电话那头的叶齐立刻听出了不对劲:“怎么了宝贝?声音怎么这样?哭了?谁欺负你了?告诉哥,哥去揍他!”

叶齐是沈离从初中到大学的哥们,两人性格相似,都是开朗活泼的类型。叶齐也是Omega,信息素是青柠味,清爽又好闻。

“没人欺负我……”沈离吸了吸鼻子,“我就是……就是突然想明白了。”

“想明白什么了?”叶齐的声音变得认真,“你在哪?安全吗?”

“我在宁悬公司,很安全。”沈离擦了擦眼泪,“叶齐,我问你件事。你高中的时候,是不是说过宁悬喜欢我?”

电话那头沉默了几秒,然后叶齐夸张地叹了口气:“我的老天,你终于开窍了?我以为你要等到七老八十才发现呢!”

“你早就知道?”沈离惊讶。

“废话!全校都知道好吗!”叶齐的声音提高,“除了你这个当事人。宁悬看你的眼神,那叫一个深情,那叫一个占有欲爆棚!我们私下都打赌他什么时候忍不住把你绑回家。”

沈离愣住了:“全校都知道?”

“夸张说法,夸张!”叶齐笑道,“但我们这几个跟你玩得好的,还有宁悬那几个兄弟,都知道。周哲没跟你说过?”

“周哲哥……”沈离想起今天早上周哲的话,“他好像暗示过,但我不懂……”

“你当然不懂,你眼里只有设计和吃。”叶齐毫不留情地吐槽,“不过现在懂了?什么契机让你突然开窍的?”

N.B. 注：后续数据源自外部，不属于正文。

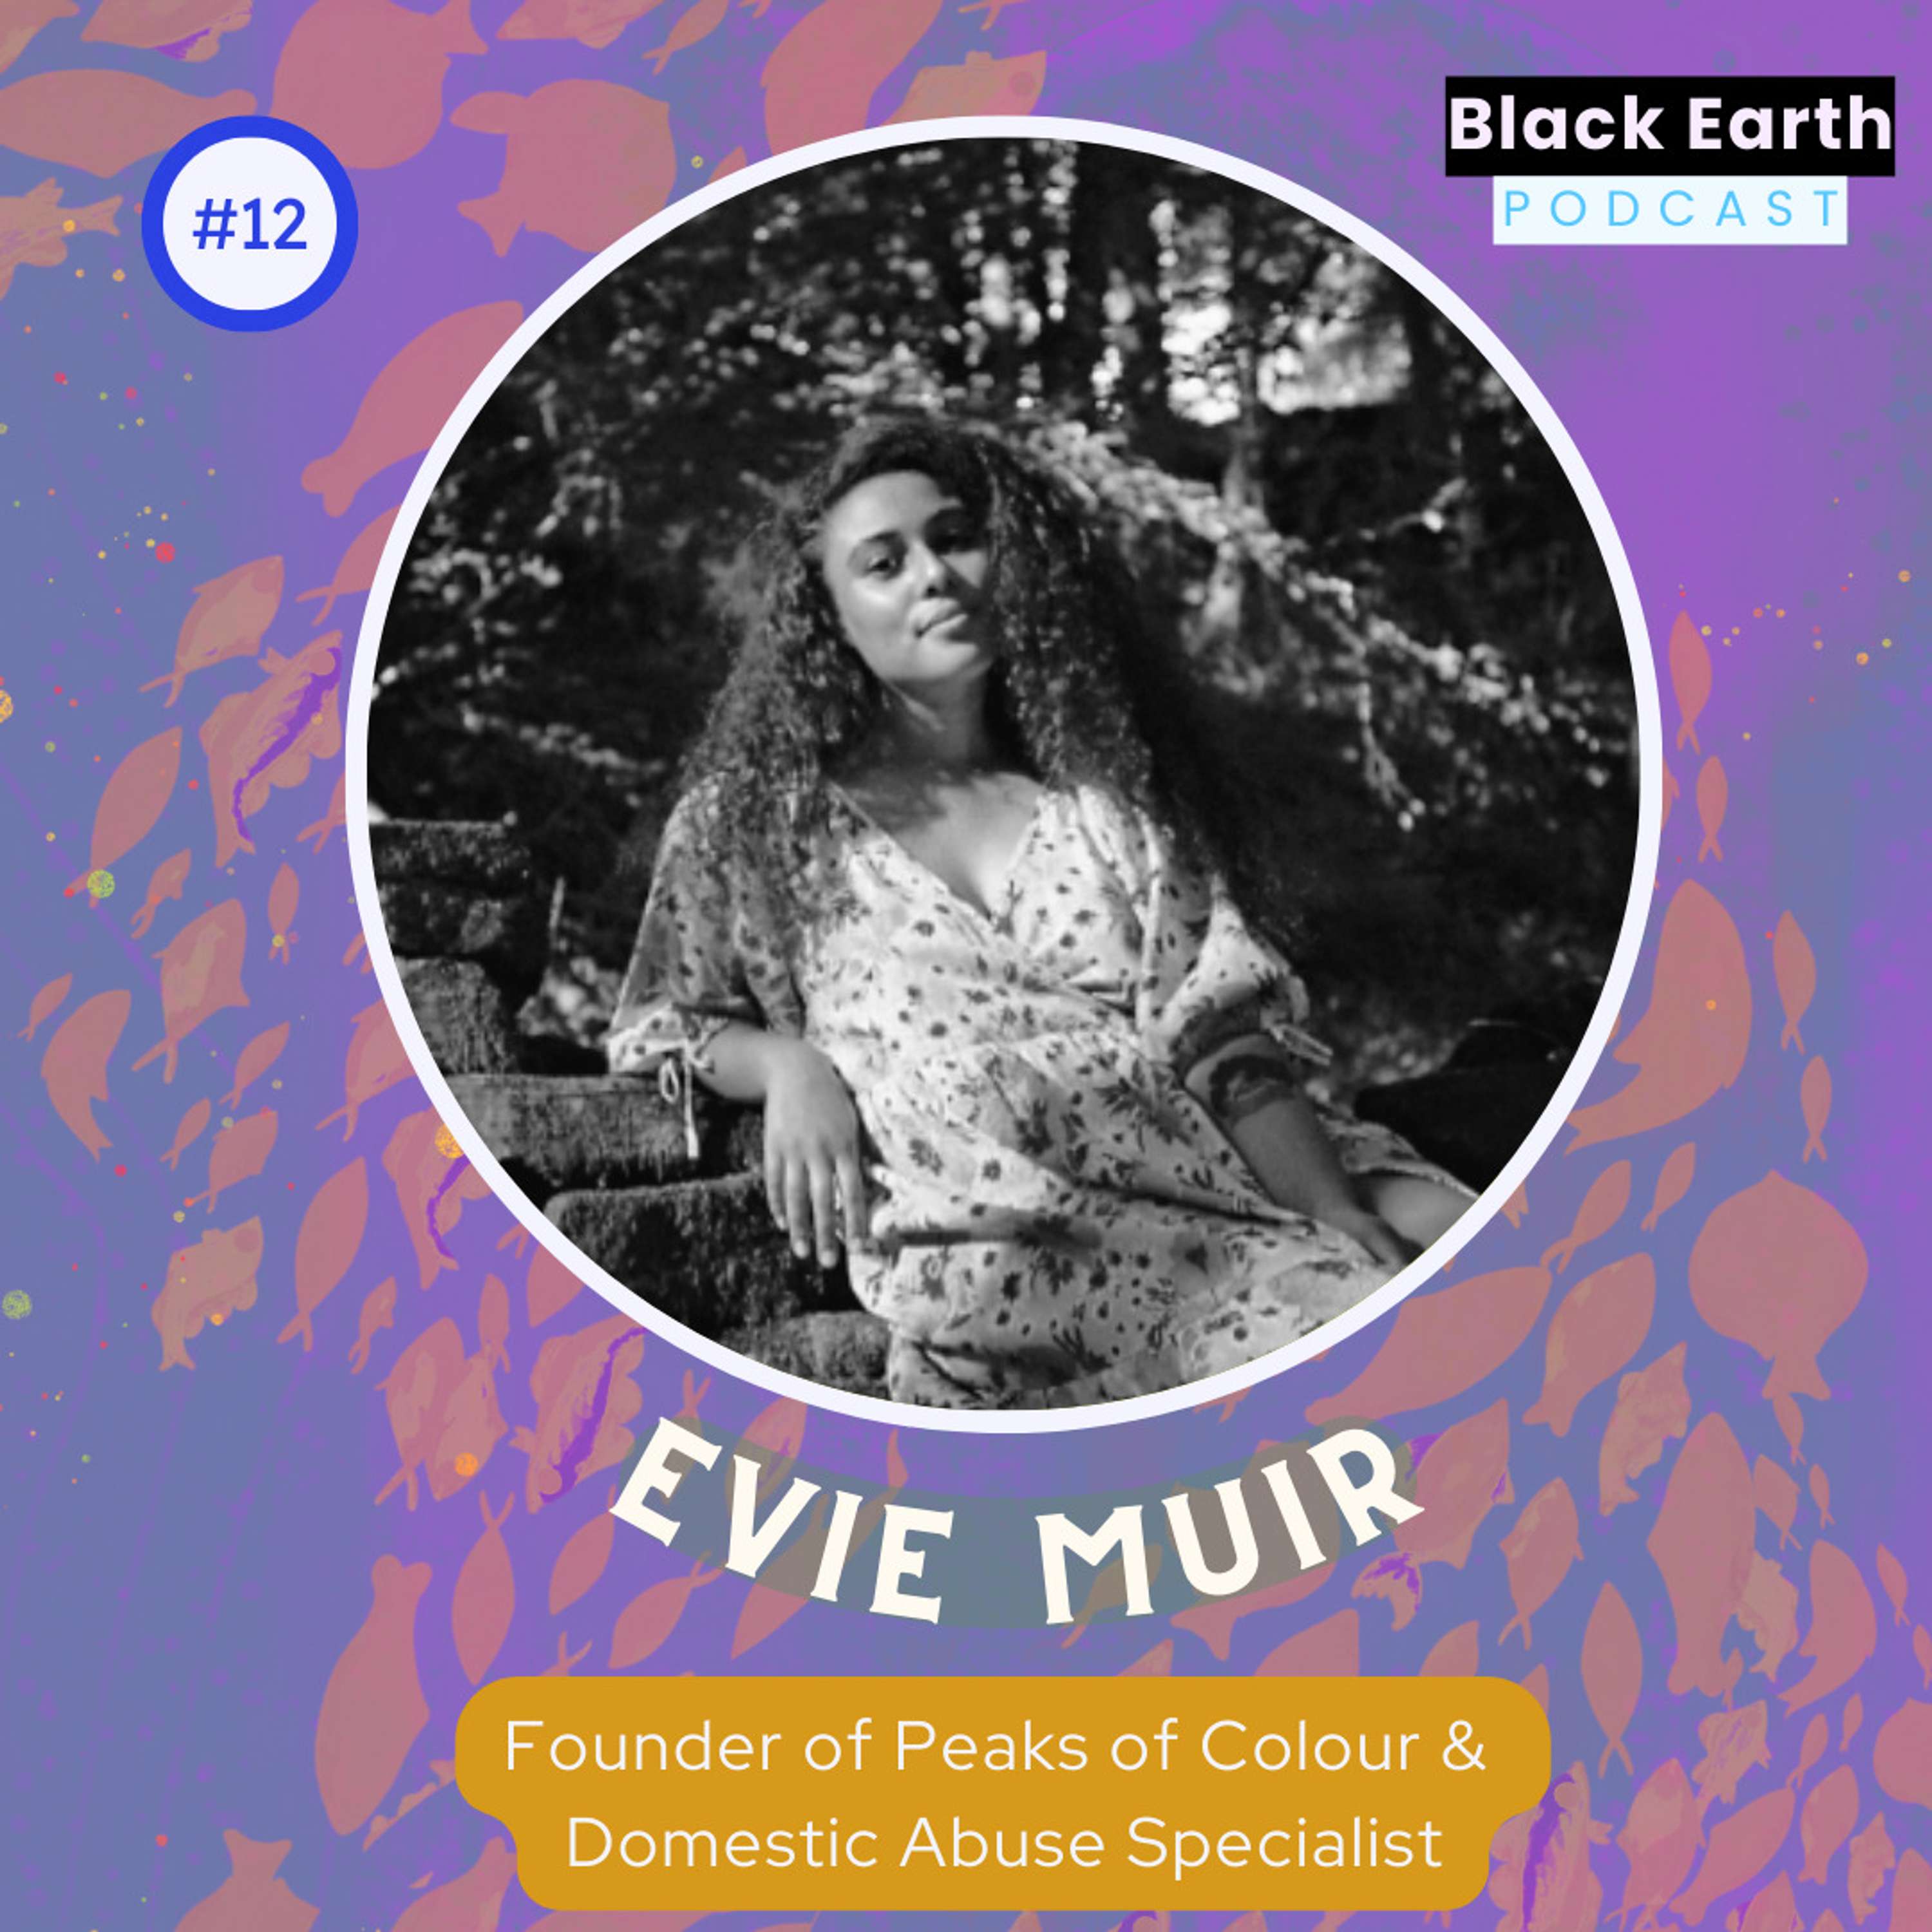 Understanding abolitionist Earth care with Evie Muir

沈离把这两天的事简单说了说——游乐园,办公室亲吻,还有刚才那个梦。

叶齐听完,沉默了良久,然后说:“沈离,你知道我最羡慕你什么吗?”

“什么?”

“羡慕你有个人,从五岁开始就认定你了。”叶齐的声音变得温柔,“二十年啊,不是谁都等得起的。而且宁悬那种人,想要什么得不到?但他只要你,只要你一个。”

沈离的眼泪又掉下来:“我知道……我现在知道了……”

“所以别哭了,小傻子。”叶齐笑道,“你应该高兴。你嫁给了世界上最爱你的人,而且我敢打赌,他会宠你一辈子。”

“嗯……”沈离点头,虽然叶齐看不到。

“对了,你哥知道了吗?沈诺那个毒舌精,没笑话你?”叶齐突然问。

沈离想起昨天的视频会议,脸一红:“他知道……昨天不小心闯进宁悬的会议,被他看到了……”

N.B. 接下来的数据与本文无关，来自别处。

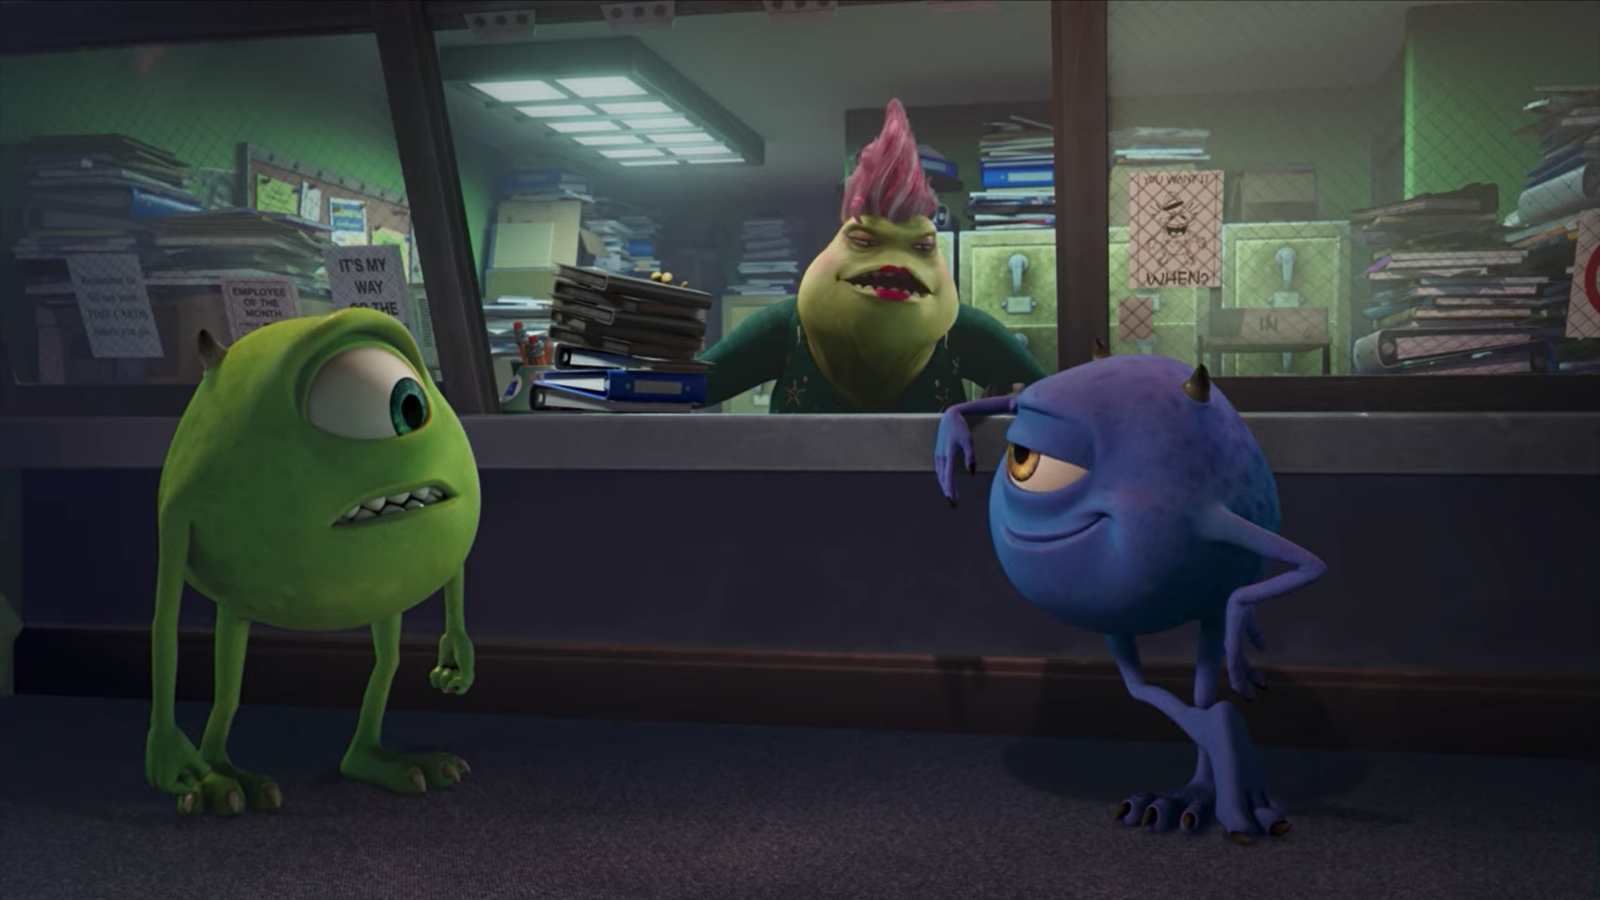 Look Closer: Monsters, Inc. Mike and Sulley to the Rescue! at

电话那头爆发出惊天动地的笑声:“哈哈哈哈!沈离你可以啊!怎么样,被沈诺嘲笑了吧?”

“肯定啊……”沈离哀嚎,“他说要笑我一年。”

“活该!”叶齐笑够了,“不过说真的,你要好好珍惜。宁悬那种Alpha,打着灯笼都找不着第二个。对你专一,又有能力,还帅得要命。最重要的是,他懂你。”

“我知道。”沈离小声说,“我会珍惜的。”

两人又聊了一会儿,叶齐突然说:“对了,下周同学聚会,来不来?带你家属。”

“同学聚会?”沈离想了想,“都有谁?”

“就我们高中那帮人。”叶齐说,“正好,让大家看看你和宁悬,省得还有人不死心。”

沈离犹豫了一下:“我问问宁悬。”

“问什么问,直接带来!”叶齐霸气地说,“他要是不来,我亲自去请他。”

沈离笑了:“好,我问问他。”

挂了电话,沈离的心情好了很多。他走到落地窗前,看着窗外的城市。阳光正好,天空很蓝。

门在这时开了。

宁悬走进来,看到沈离站在窗边,眼睛红红的,愣了一下:“怎么了?”

沈离转过身,看着宁悬。白衬衫,黑西裤,领带一丝不苟,眉眼深邃。这个人,从五岁开始就在他生命里,陪他走过二十年。

“宁悬。”沈离叫他。

“嗯?”

沈离走过去,踮起脚,吻上宁悬的唇。这个吻很轻,很温柔,带着蜜桃的甜香和眼泪的咸涩。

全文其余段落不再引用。